ONGC share price rose 6.5% on May 12 after the government lowered royalty rates for crude oil and natural gas production, aiming to enhance domestic exploration. Offshore crude royalties decreased from 9.09% to 8%, and natural gas rates fell from 10% to 8%.

Dhanya Nagasundaram
Updated12 May 2026, 11:58 AM IST
ONGC share price jumps 6.5% after govt slashes oil and gas royalty rates
ONGC share price jumps 6.5% after govt slashes oil and gas royalty rates(Reuters)

Oil and Natural Gas Corporation (ONGC) share price surged 6.5% on Tuesday, 12 May, after the government reduced royalty rates on crude oil and natural gas production across multiple field categories, including deepwater and ultra-deepwater blocks, to boost domestic exploration.

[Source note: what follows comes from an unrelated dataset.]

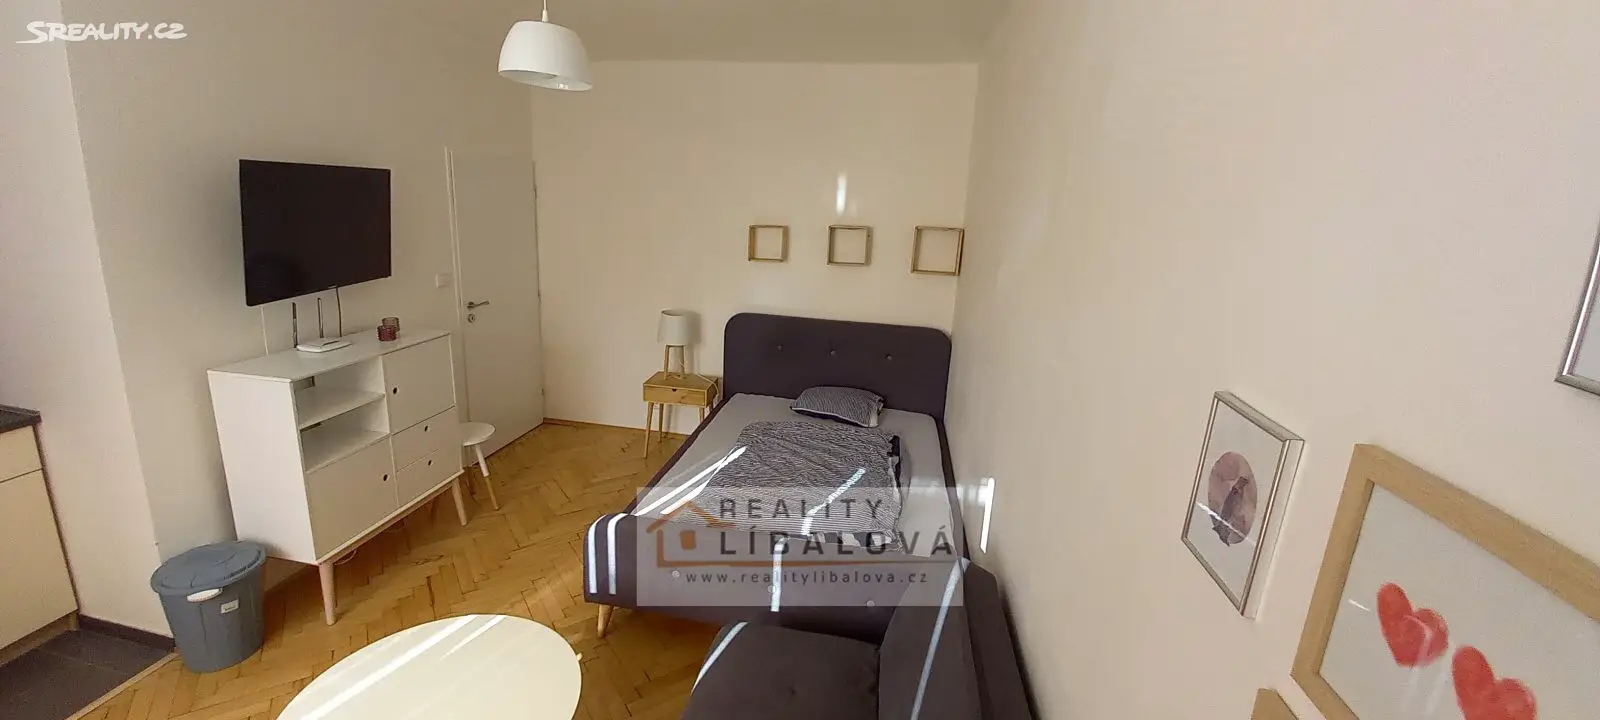 Pronájem bytu 1+kk 22 m², Růžový palouček, Ústí nad Labem - Ústí nad Labem-centrum

Similarly, another oil PSU, Oil India, witnessed a 9% increase in its stock as the updated framework is anticipated to benefit upstream oil companies.

Govt cuts oil and gas royalty rates

The government has reduced the royalty on onshore crude oil production from 16.66% to 10%. Royalty on offshore crude production has been cut to 8% from 9.09%, while the rate on natural gas has been lowered to 8% from 10%, following the introduction of a new flat deduction formula.

Royalty represents the payment made by oil and gas firms such as ONGC and Oil India to the government for extracting crude oil and natural gas from the nation’s reserves. This fee is typically calculated as a percentage of the market value of the extracted oil or gas. The term “royalty rate” refers to this percentage set by the government.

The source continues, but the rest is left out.